Some 21.4 million people were expected to participate in Iraq's general elections, where 9,000 candidates are competing for 328 seats. This was Iraq's first election following the withdrawal of U.S. forces in 2011
ISTANBUL — Millions of Iraqis flocked to polling stations across the country yesterday to elect 328 members of the new parliament despite weeks of intensified violence blamed on the Islamic State of Iraq and the Levant.
Iraqisflocked to polling stations across the country yesterday to elect 328 members of the new parliament. The State of Law Coalition under the leadership of incumbent Prime Minister Nouri al-Maliki is widely expected to triumph and continue his service for a third four-year term.
The main rivals of the coalition are former Prime Minister Iyad Allawi, the leader of Iraqi National Alliance and the al-Iraqiya List, including another former Prime Minister, Ibrahim Jaafari.
Security forces remained on alert throughout the election as violence around the country has reached the highest level in the last five years. Military forces worked with local police to secure poll centers and cars were banned from traffic for the day.
Sectarian tensions and violence in Iraq have led to the death of thousands of people this year. The general election was held at a time when tensions peaked in Iraq, with militants increasingly using truck bombs or launching suicide bombings. The district of Felluce in Anbar province did not participate in the election due to security concerns. Proal-Qaeda militants have held a large part of Anbar province since last January. Despite ongoing military operations ordered by the leadership in Baghdad, the Iraqi army has been unable to advance through the city center.
Anbar is awash in violence as Sunni Muslim militants challenge the Iraqi military and Shi'ite militias for territory surrounding Baghdad.
This week, Maliki vowed to stop the al-Qaeda inspired group, the Islamic State of Iraq and the Levant (ISIL), from entering Baghdad. "Are ISIL and al-Qaeda capable of reaching the target for they were established...bringing down Baghdad and the other provinces and destroying the holy shrines?...I say no," Maliki said.
"ISIL is over, but its pockets still exist and we will keep chasing them and the few coming days will witness major developments."
Professor Mustafa Sıtkı Bilgin, a Middle East expert, said, "The general elections of April 30 took place in Iraq under the shadow of ethnic and sectarian apprehensions. About 37 different coalition groups participated in these elections, which are very important for Iraq since the ethnic and sectarian tensions between Sunnis, Shias and Kurds have risen in recent periods. The security issue is also high on the agenda in Iraq and because of this reason the elections weren't held in the city of Felluce in the Anbar region. As public discontent is on the rise because of political and security dissatisfaction, it seems that the current Iraqi Prime Minister, Nuri al Maliki, is going to lose his power. But the handicap remains that there is no alternative effective leader to him.Because of this, Maliki's Party, the Coalition of State Law, still remains a strong candidate in the elections."
On Monday 50 people were killed in attacks around Iraq, including attacks involving suicide bombers dressed in police and military uniforms.The burden falls particularly hard on Iraq's Sunni population, who are viewed with suspicion by the mostly Shiite Iraqi security forces and terrorized by the ISIL.

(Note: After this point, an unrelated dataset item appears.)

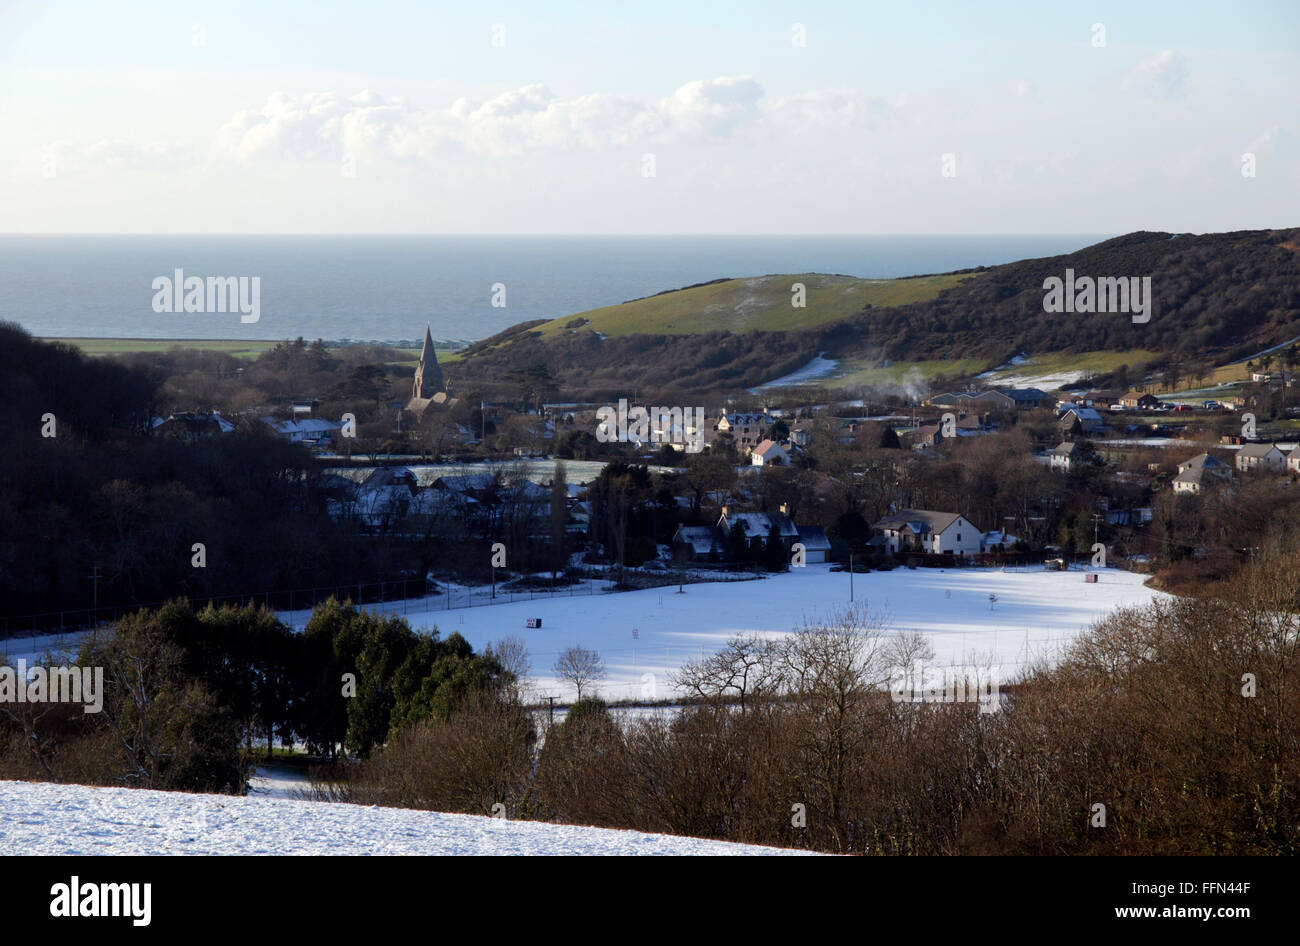 Looking down on Llanrhystud, Ceredigion, showing the nineteenth century church and the golf course under snow. Stock Photo

Apart from the Shia and Sunni split, there is the conflict between the Kurdistan Regional Government and the central government in Baghdad.The underlying reason for the present tension and conflicts in Iraq is the reshaped political structure.After the Iraq War, the main factor shaping the political structure has been "sectarianism." Powers of the former state regime, Sunni Arabs were significantly excluded from Iraqi politics in the course of the U.S. occupation.
In the 2005 general elections, the separation of electoral camps into pro-Shia and pro-Sunni were examples of the tension and disagreement between religious sects. The Sunnis and Shiite tried to come together under secular and liberal political structures since there was not any other political actor bringing stability to the country. However, their attempt could not prevent the sectarian split. The Syrian civilian war is one of the most important factors triggering the split. Turning into a war of religious sects, the conflict in Syria has deepened unsustainability in Iraq. Sunnis reacted against allegations that Maliki exploited Iraq to avoid the toppling of the Assad regime in Iran.
Iraq's political system is based on a political structure, including two main religious sects and ethnic infrastructure of Arabs, Kurds and Turkmens. The year 2013 was recognized as the bloodiest period since 2008 but in the new year violence has continued.